Third, as has been indicated by the Treasurer, we have put in place very substantial tax cuts that will also boost participation but that, primarily, will help to cushion the burden on individual taxpayers and their families from rising prices that we are endeavouring to deal with as part of that inflation threat that we have inherited from the former government.

The opposition’s reaction to the government’s budget strategy in dealing with what is a very serious inflation challenge has been spectacularly boneheaded. They have tried on every front imaginable to unravel the surplus—to erode that substantial surplus that the government has put in place as the bedrock of its efforts to put downward pressure on inflation—and they have tried to jeopardise the investment funds that we are putting in place to invest in economic capacity for the future. There has been something of a competition on the part of members of the opposition as to who can come up with the biggest or the best fuel excise policy. We have now got no fewer than five different fuel excise policies on the part of the opposition. Malcolm says nothing, Brendan says five—

Photo of Harry JenkinsHarry Jenkins (Speaker) Share this | | Hansard source

Order! The minister will refer to members by their titles and bring his answer to a close.
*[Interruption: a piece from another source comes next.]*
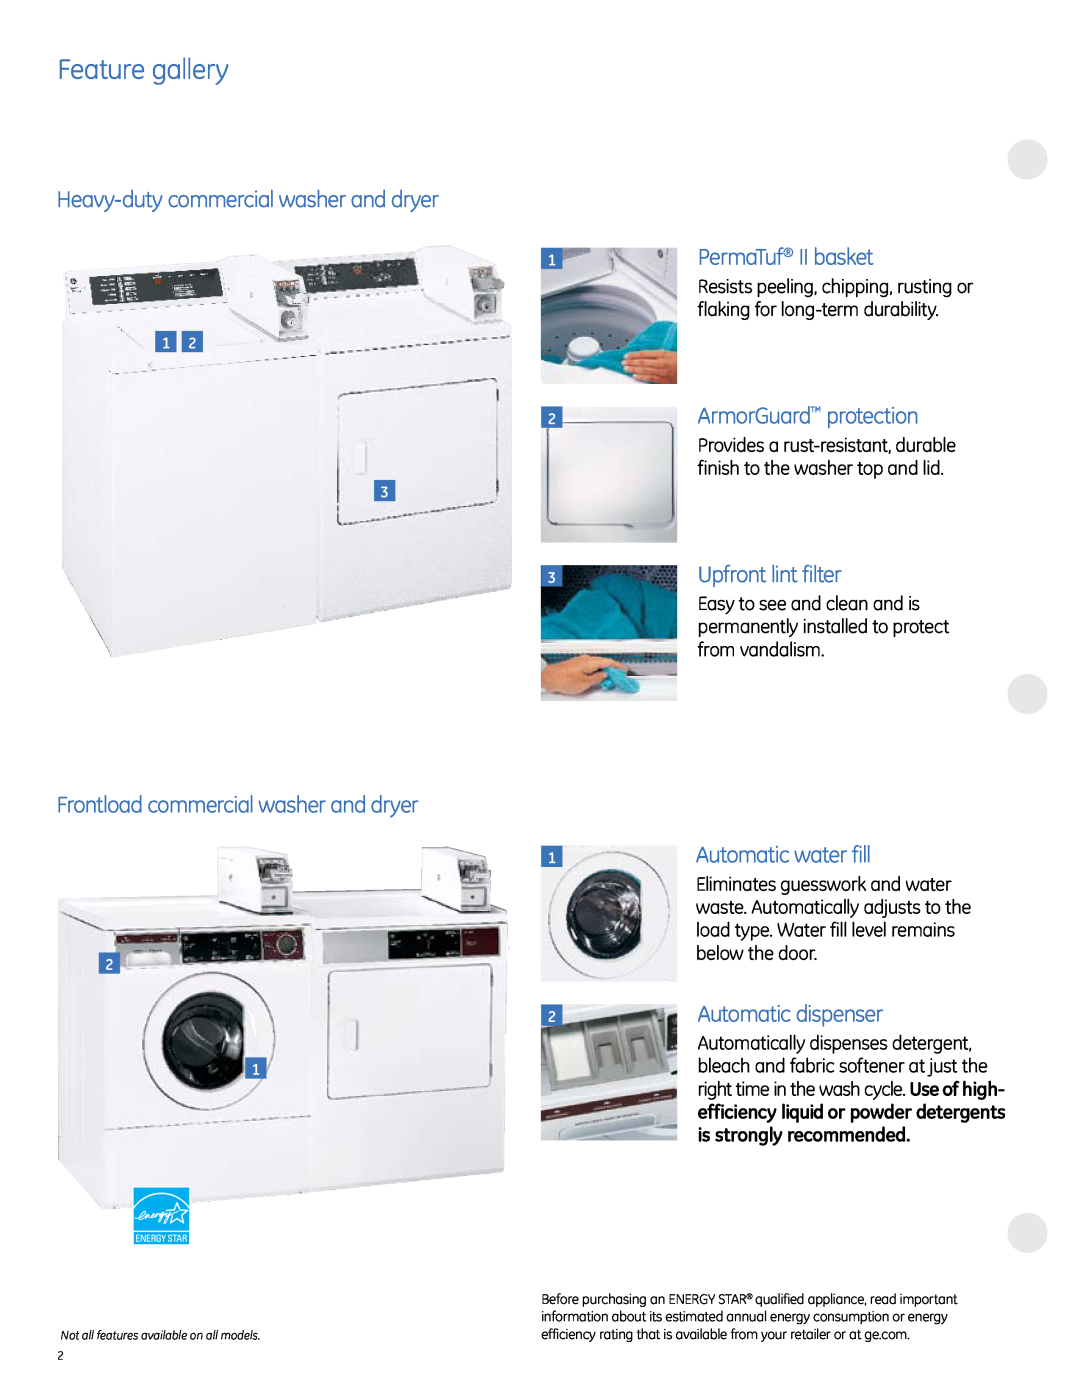 GE Feature gallery, Heavy-duty commercial washer and dryer, Frontload commercial washer and dryer, 1PermaTuf II basket 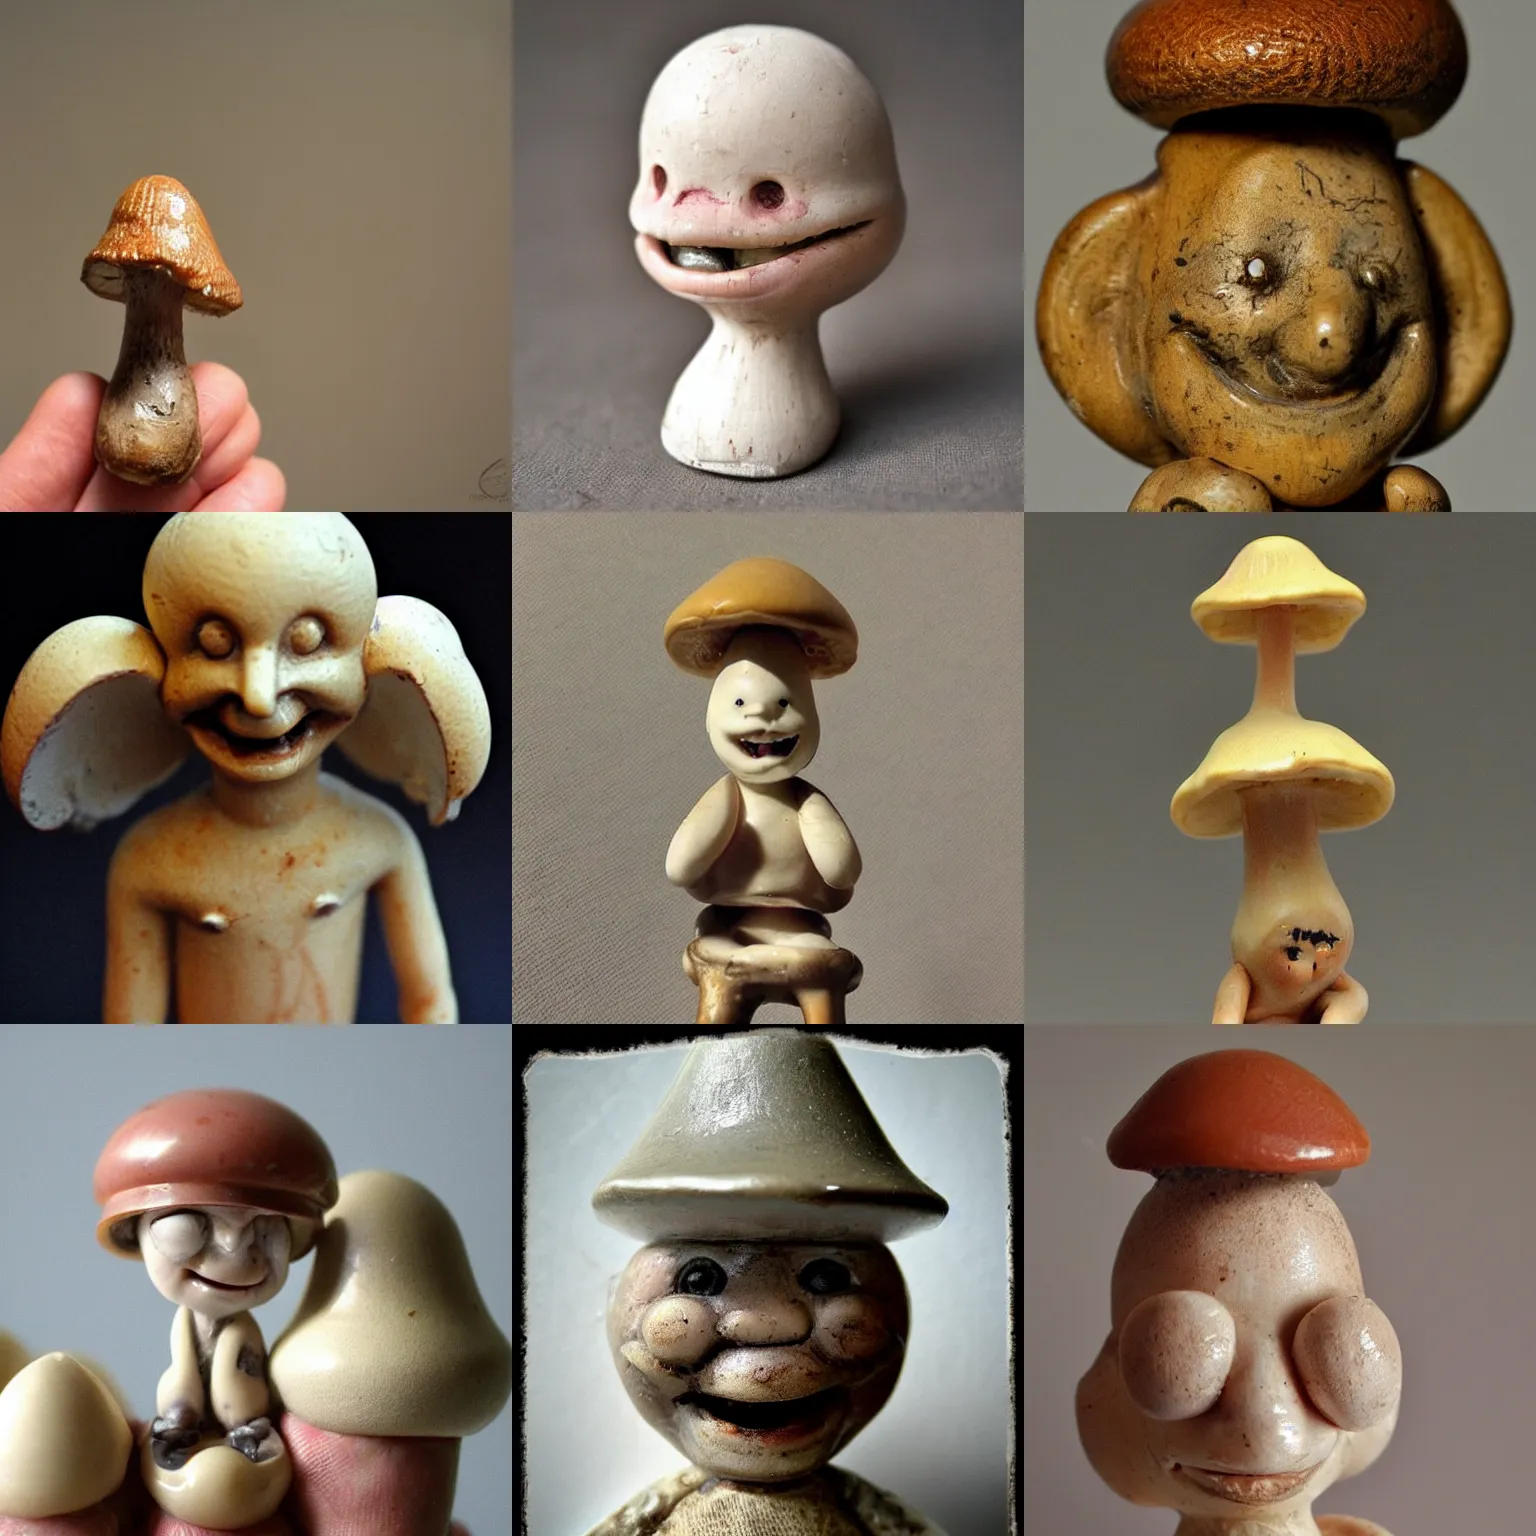 Prompt: anthropomorphic smiling! antique mushroom!!! figurine, disturbing creepy macro photo

Photo of Lindsay TannerLindsay Tanner (Melbourne, Australian Labor Party, Minister for Finance and Deregulation) Share this | | Hansard source

Sorry, the member for Wentworth says nothing, the Leader of the Opposition says five, the member for Aston says 10—he is still out there promoting his policy—we have got the leader of the National Party promoting 20, and the member for Tangney has today got his own version that nobody can quite work out. That is typical of the member for Tangney—it is Triton or Mars or somewhere that he is inhabiting. The member for Tangney has got a policy position about the GST and the excise that nobody can quite work out, but it is number 5. It appears that there is hardly a member of the opposition who has not got their own personalised, customised fuel excise policy. There are undoubtedly going to be more to come.

We face a very serious inflation challenge in this nation. The government has a strong budget in position to deal with that challenge, with a strong surplus and long-term investment in the nation’s economic capacity to enable us to take the benefit of those huge additional funds flowing through our economy without fuelling inflation and very substantial tax cuts to ease the burden on working people, who are coping with higher prices as a result of those inflationary pressures. We are committed to delivering that budget. I would call on the opposition to get its act together, to get a single policy and a single position not just on petrol but on all other things—including what the budget position should be—to advocate that forcefully and to pass the budget.